■ **Entries supplied**
● ● ● ●

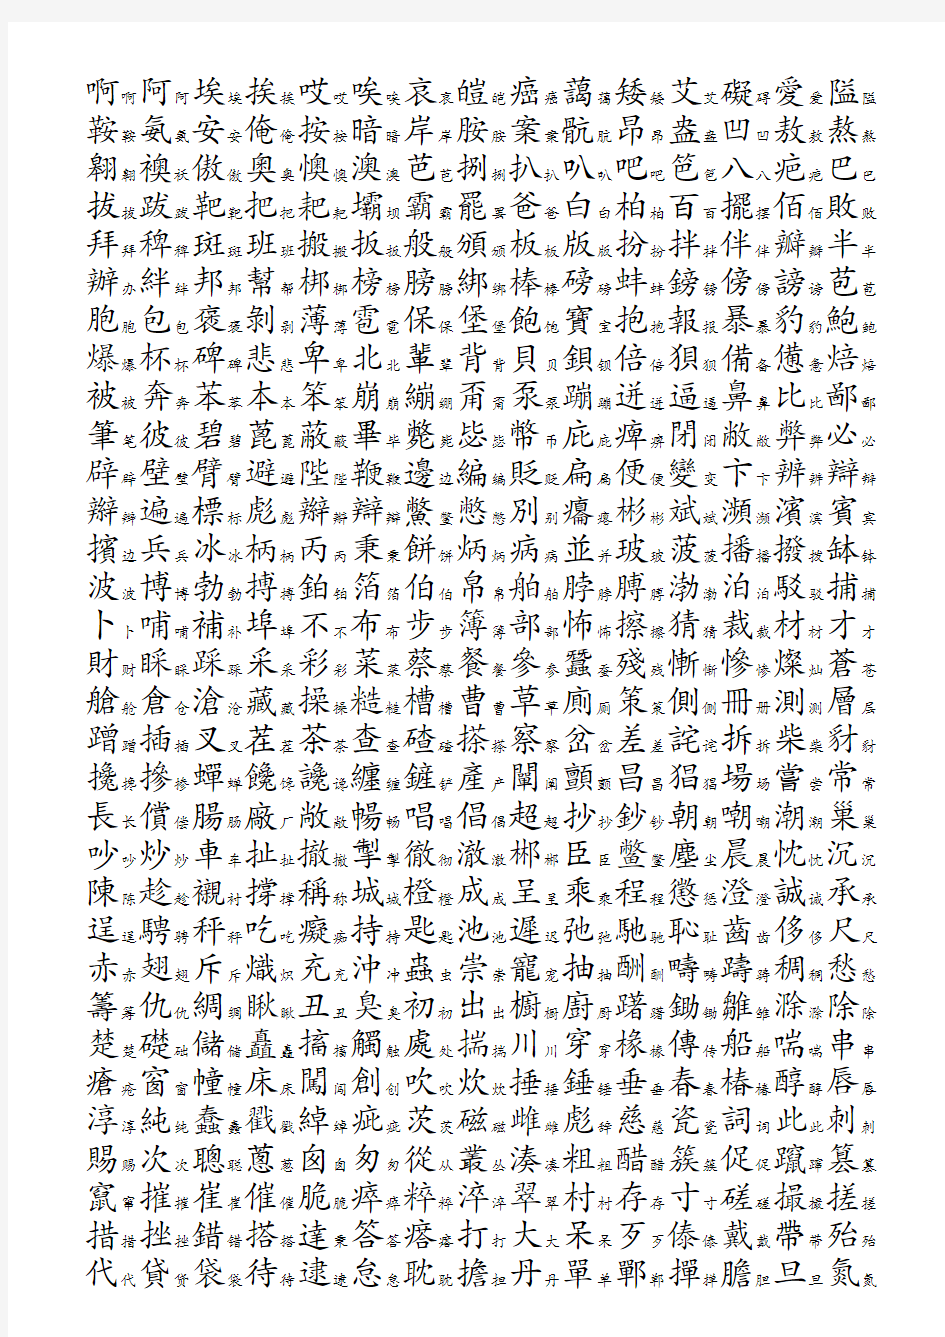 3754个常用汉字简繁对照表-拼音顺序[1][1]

● ● ● ●

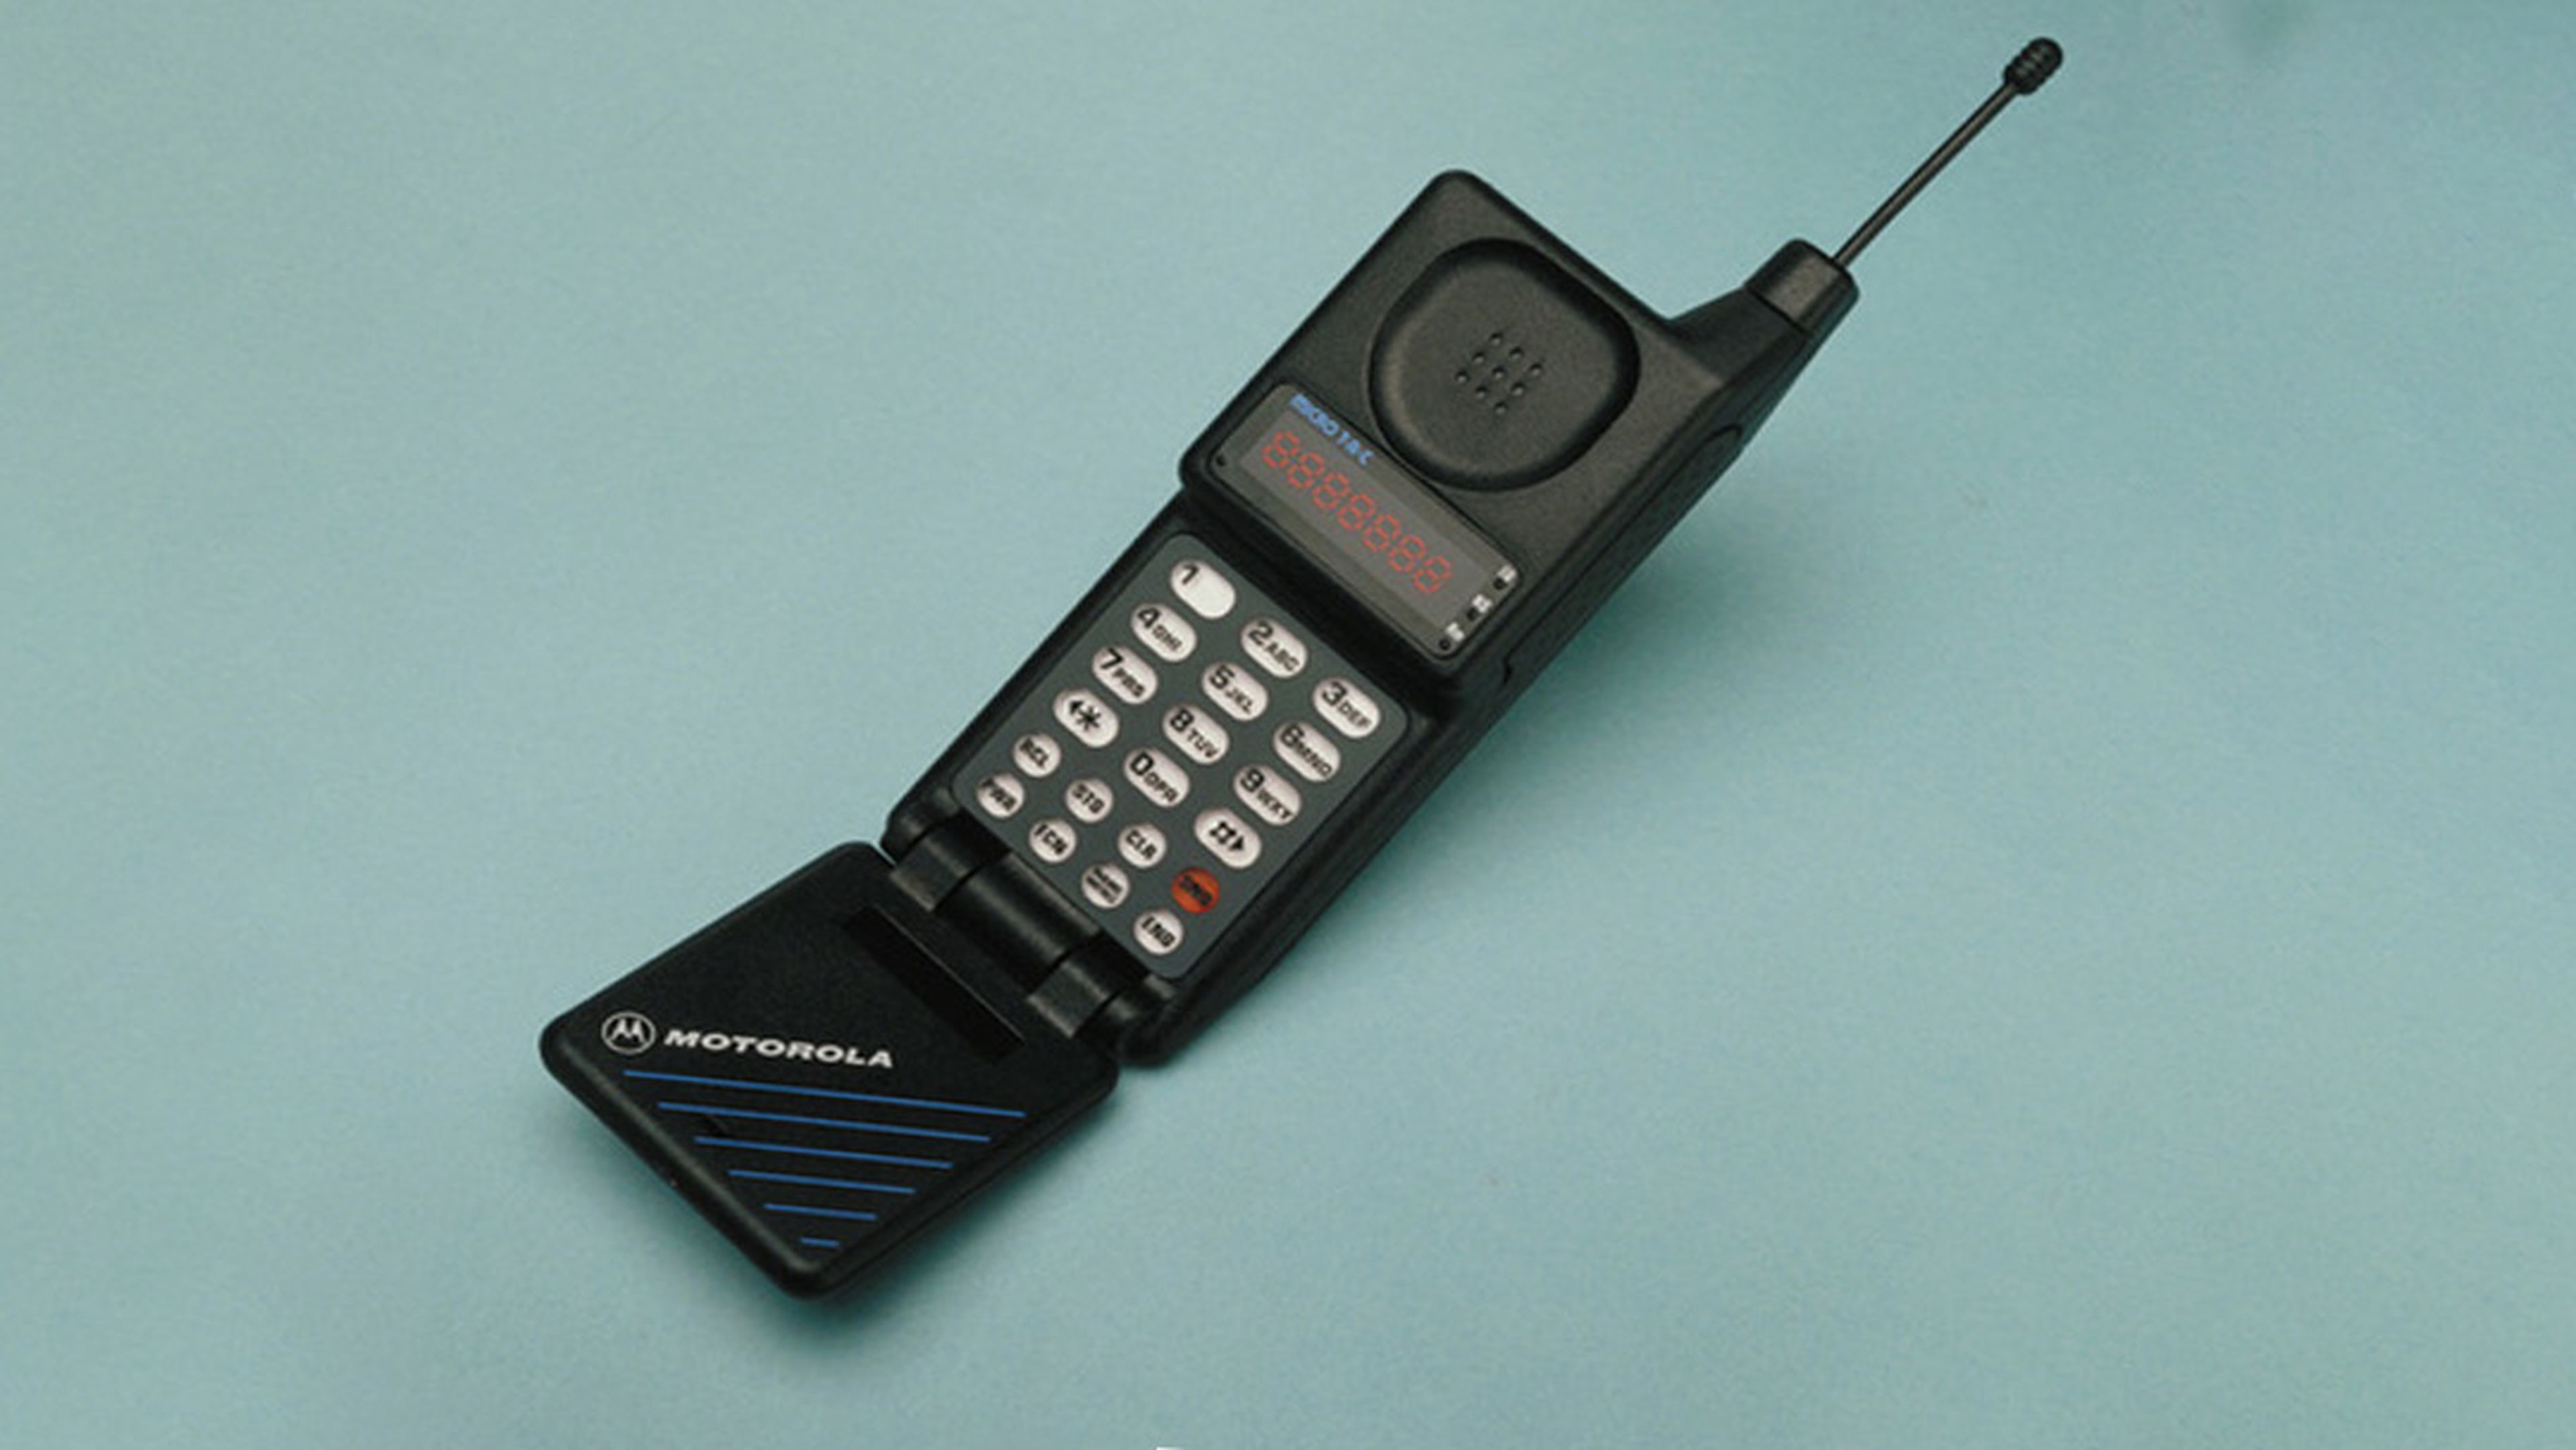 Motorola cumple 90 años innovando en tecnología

● ● ● ●

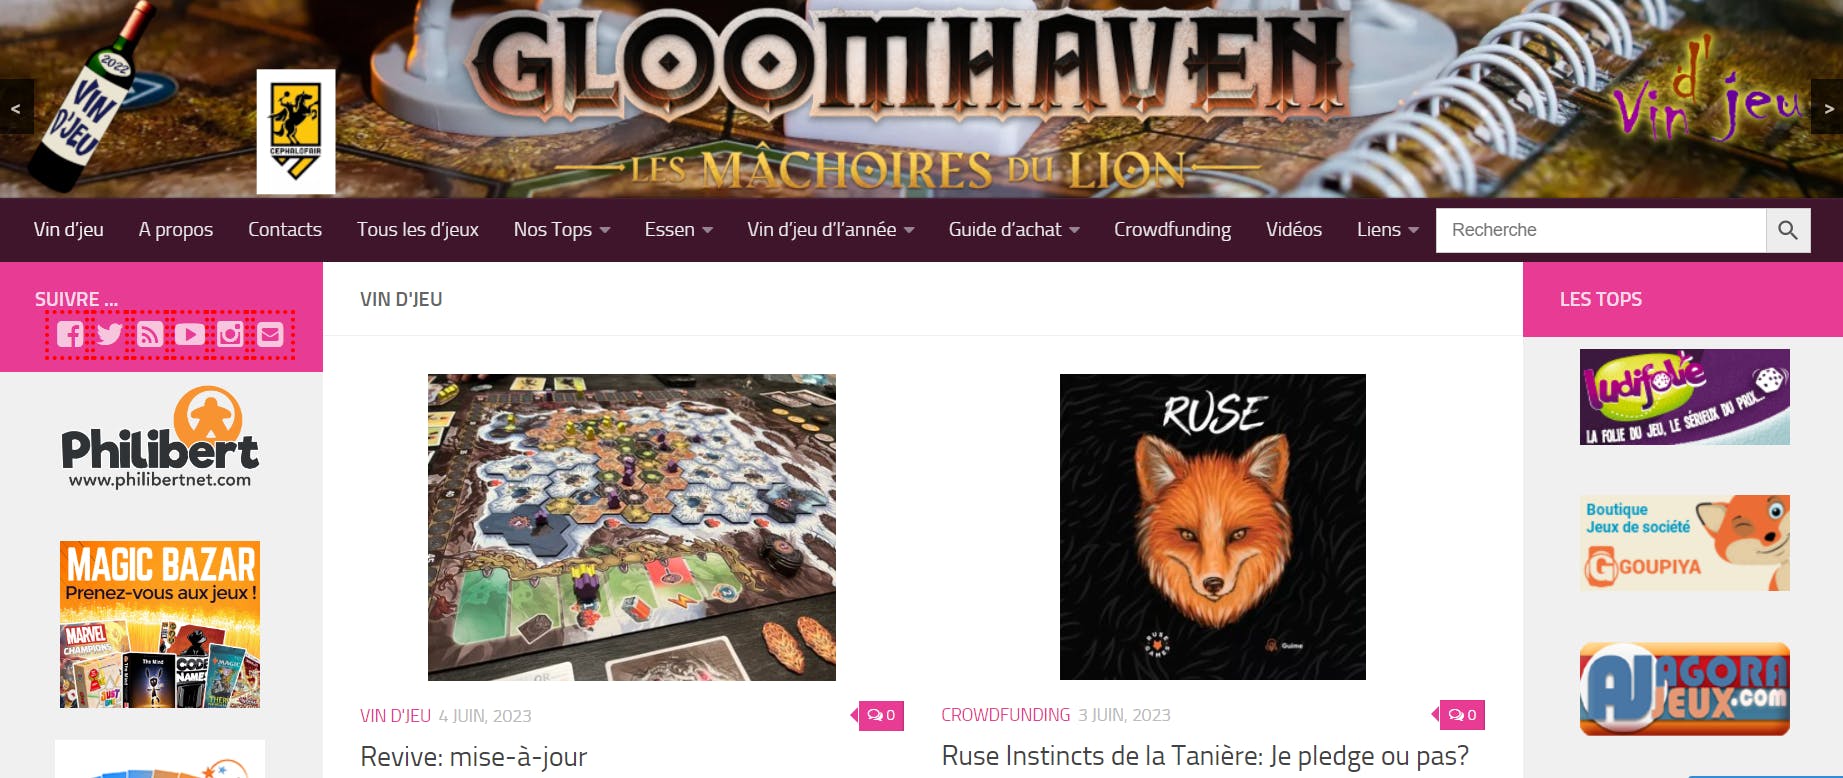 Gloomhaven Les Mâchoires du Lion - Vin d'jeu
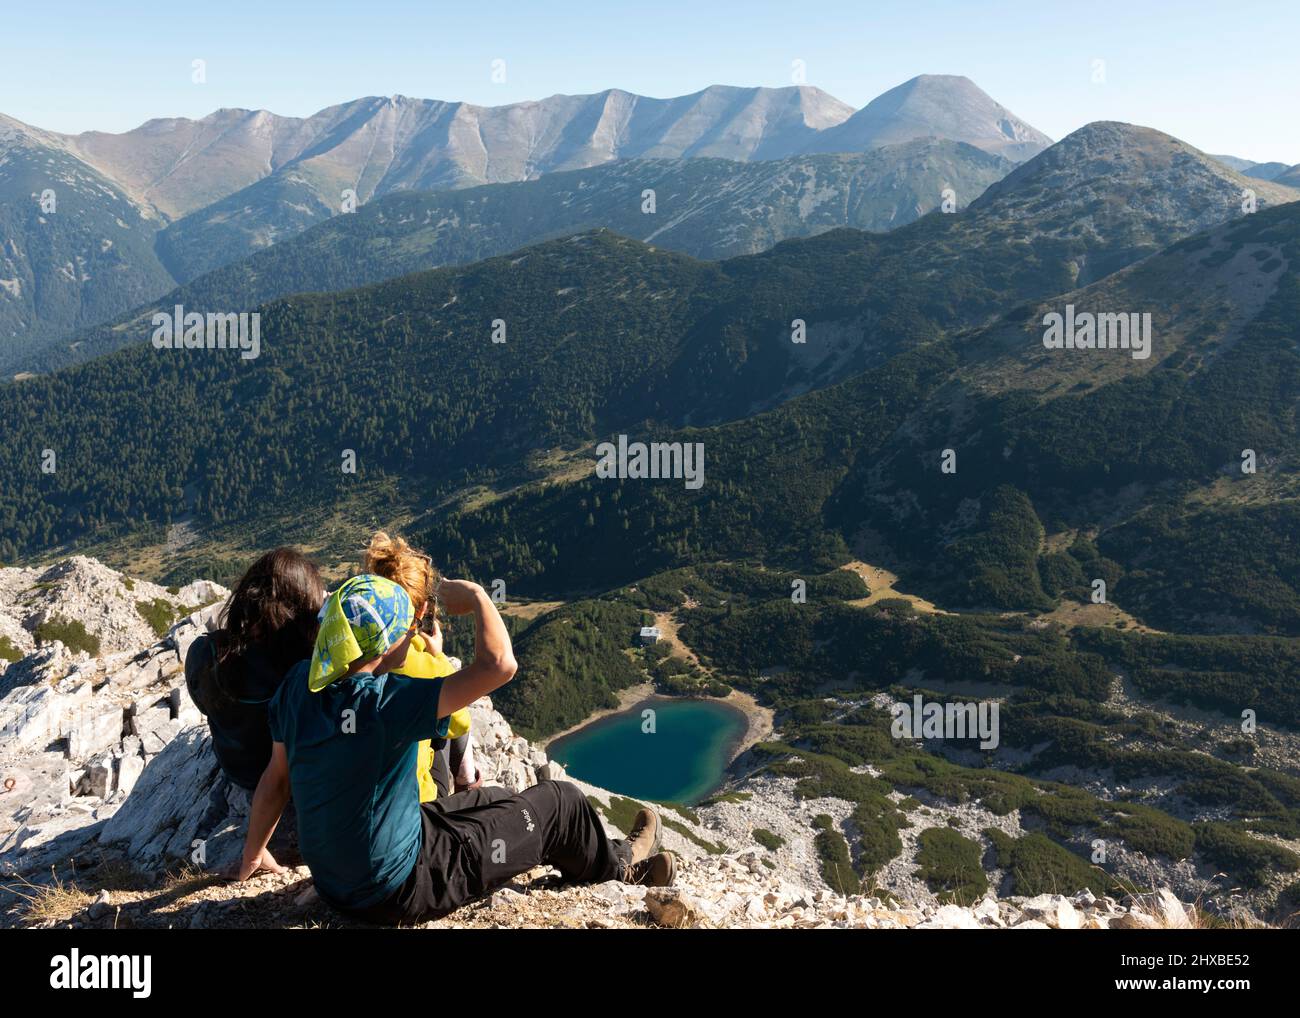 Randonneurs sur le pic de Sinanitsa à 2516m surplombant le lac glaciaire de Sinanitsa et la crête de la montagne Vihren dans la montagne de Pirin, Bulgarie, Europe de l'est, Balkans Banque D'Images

● ● ● ●

■ **What you have to do**
Would you output only the span of the records above that opens with the line containing "Gloomhaven Les Mâchoires du Lion - Vin d'jeu" and closes with the line containing "Randonneurs sur le", ends included and pictures dropped?

■ **Your solution**
 Gloomhaven Les Mâchoires du Lion - Vin d'jeu
 Randonneurs sur le pic de Sinanitsa à 2516m surplombant le lac glaciaire de Sinanitsa et la crête de la montagne Vihren dans la montagne de Pirin, Bulgarie, Europe de l'est, Balkans Banque D'Images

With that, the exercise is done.